The Won60m will hardly make a dent in Samsung’s coffers, but it will come as something of an embarrassment for the company, which prides itself on its international stature and recent advances in corporate governance practices.

The Fair Trade Commission started investigating allegations of unfair subcontracting practices between Samsung and Semes, its semiconductor-making subsidiary.

However, in November last year, Samsung Electronics obstructed the inquiry by ordering Semes to destroy or fabricate some key documents, the FTC said in a statement. It also accused Samsung of “training” Semes employees to respond to the commission's questions.

It levied a Won20m fine against the company itself and the same amount against two directors.

Samsung declined to comment.

Earlier this month, Samsung Electronics, which is the world’s second-largest maker of liquid crystal displays, said it would consider significantly scaling back its multibillion-dollar investment in flat screens if profitability continued to slide while competition intensified.

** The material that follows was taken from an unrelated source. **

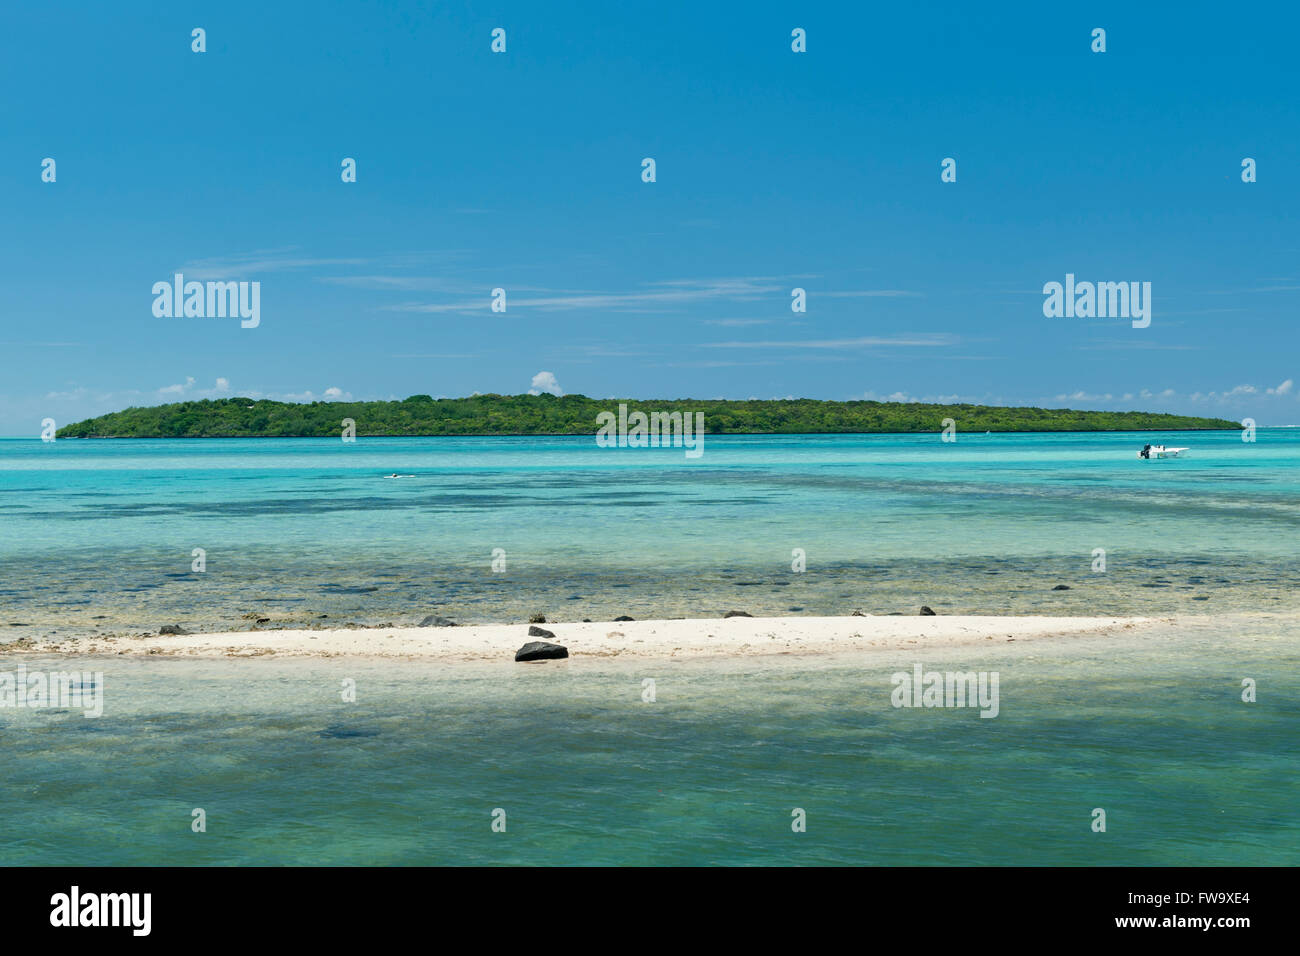 The islet of Ile Aux Aigrettes off the southeast coast of Mauritius. Stock Photo

Tough trading conditions across all divisions – including handsets and semiconductors as well as LCDs – could cut the company’s total profits by as much as a fifth this year, Yun Jong-yong, its chief executive, told the FT.

The LCD sector has been plagued by over-supply and a lack of demand, but Samsung was considered to be holding up well, so doubts about its future in the industry are likely to have rattled competitors and investors alike.

However, Samsung Electronics was reported as saying that it had raised its projections for global LCD shipments, citing higher-than-expected demand for panels used in televisions and computers.